The rise of Mark Antony after the defeat of Caesar’s assassins at Philippi in 42
BC,
presented Cleopatra with another opportunity to exert her wiles in the interest of gratifying her territorial ambitions. She arrived to greet him in Tarsus in Asia Minor by barge up the River Cydnus, a scene originally described by Plutarch that lives forever at the pen of Shakespeare. Outwardly, Cleopatra appeared more as a goddess than as a potential mistress. Plutarch wrote: ‘the word spread on every side that Aphrodite had come to revel with Dionysus for the happiness of Asia’.

For Cleopatra herself, although Aphrodite was held in certain circles to be a mother goddess (which was useful), it was Isis who proved throughout her reign the most convenient point of identification. In the East, the cult of Isis stretched back for at least two thousand years: here was the national divinity of Egypt, the Great Mother of all the gods and of nature itself, the equivalent of Dionysus: except that the cult of Isis, which could be followed by both men and women, presupposed the equality of the female sex. Only one Ptolemaic creed connected with the cult has come down to us but it is a remarkable one from the point of view of a putative Warrior Queen: ‘I am Isis,
the Mistress of every land … I gave and ordained Laws for men, which no one is able to change … I am she that rises in the Dogstar, she who is called Goddess by women … I made man strong … I am the queen of war. I am the queen of the thunderbolt. I stir up the sea and calm it. I am the rays of the Sun.’
16
At one point, not only did Cleopatra project herself as the New Isis, but she projected her lover Antony as the New Osiris: not an agreeable concept to Antony’s political enemies at Rome.

Even more threatening from the point of view of those hostile to the renewal of the Ptolemaic empire were such words as these, taken from the so-called Sibylline books, a corpus of prophetic literature, probably written at the height of Cleopatra’s power:

But when the Tenth Generation goes down to Hades

There comes a Woman’s great power …

And then the whole wide world under a woman’s hand …

Soon Rome, the ‘delicate gilded voluptuous maiden’, would be at ‘a mistress’ stern command’.
17

Cleopatra’s territorial fortunes certainly prospered with Antony under her sway. Not only were lands handed over to her far into Asia Minor but her personal wealth was increased with the gift of the Nabatean Arab kingdom, enabling her to exploit its bitumen resources.

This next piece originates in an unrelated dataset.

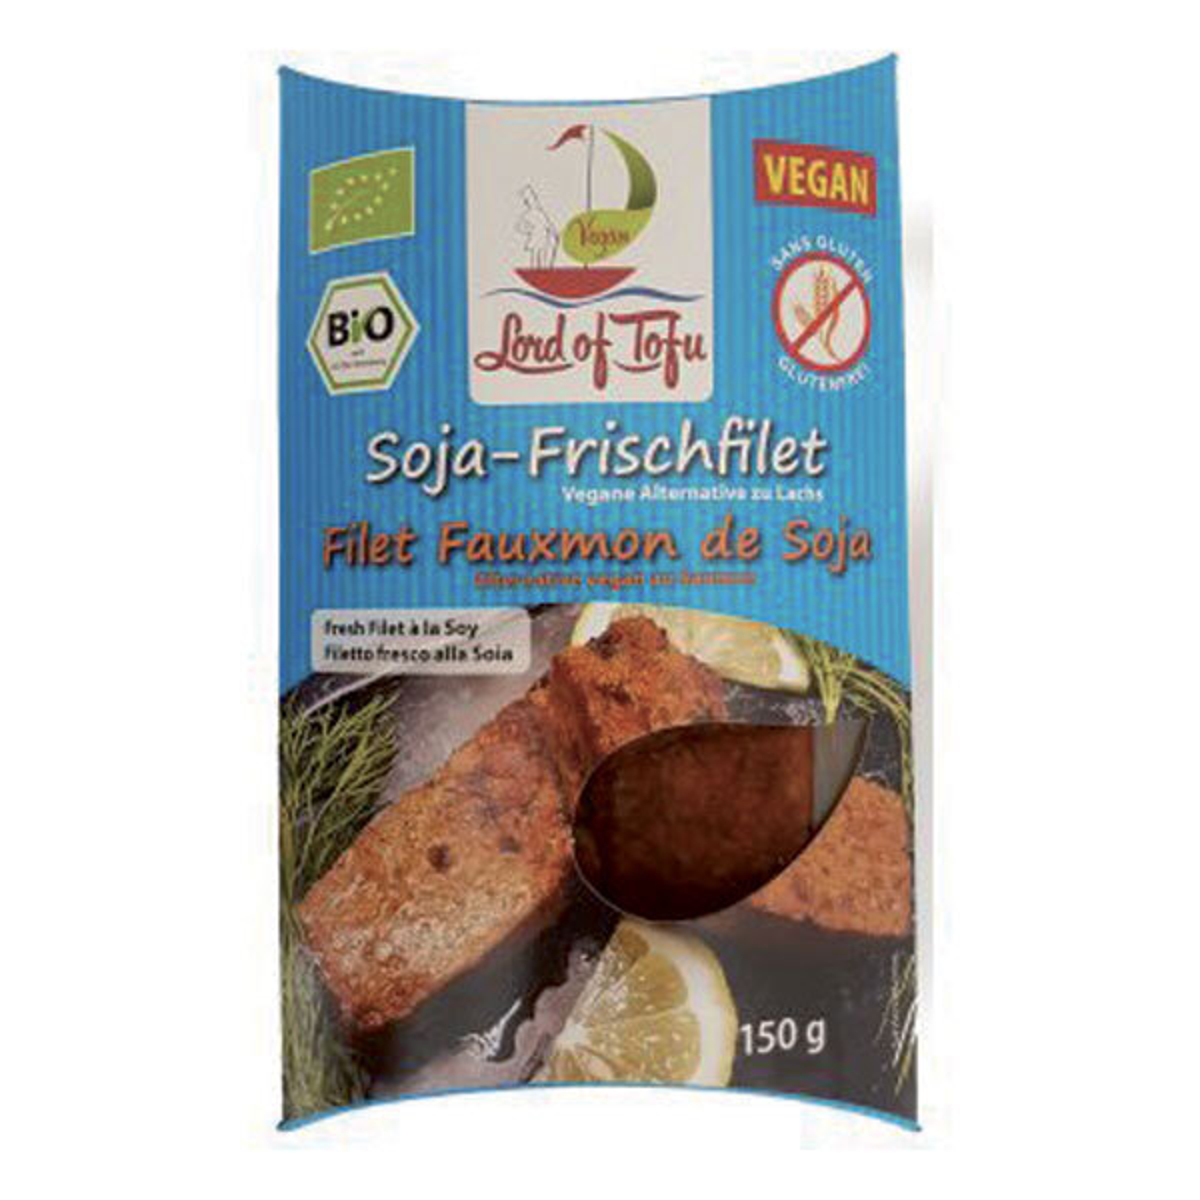 Lord of Tofu - Filet de fauxmon, alternative au saumon 150g

It has been suggested that new coins issued jointly with Ptolemy xv Caesar (her son) commemorated this fortunate new development.
18
At the same time, the name of Cleopatra’s son by Antony, born in 40
BC,
Alexander Helios, pointed to the cult of the sun; his twin sister Cleopatra Selene being similarly linked to the moon goddess.

At the Donations of Alexandria of 34
BC,
by which little Alexander Helios was to rule Armenia, his two-year-old brother Ptolemy Philadelphus the lands to the west, and his sister Cleopatra Selene Cyrene, all the children were dressed in suitable national garb – Alexander in the traditional high royal cap of the ancient Persian monarchs. When Antony visited Athens, it was
the statue of Cleopatra, dressed in the robes of Isis, which the Greeks erected on the Acropolis.

The Roman attitude to the New Isis (and the new Osiris) was very different. As political opposition to Antony on the part of his brother-in-law Octavian hardened, Cleopatra was increasingly depicted as an unpleasant Eastern siren who had seduced the Roman Antony, in order to play out a life of debauchery with him far from his Roman duties (and his wife Octavia). Octavian proclaimed to the Roman people, on the basis of Antony’s will, which he seized from the temple of the Vestal Virgins, not only that Antony had given away Roman possessions to Cleopatra, but also that he intended to found a new dynasty with her, based on Alexandria, not Rome. It was thus the destiny of Octavian (the future Caesar Augustus) to contain her: ‘as swiftly as the hawk follows the feeble dove’, wrote Roman Horace with an air of satisfaction not lacking in vindictiveness for all the trouble Cleopatra had caused. ‘So he sailed forth to bind this fatal prodigy in chains.’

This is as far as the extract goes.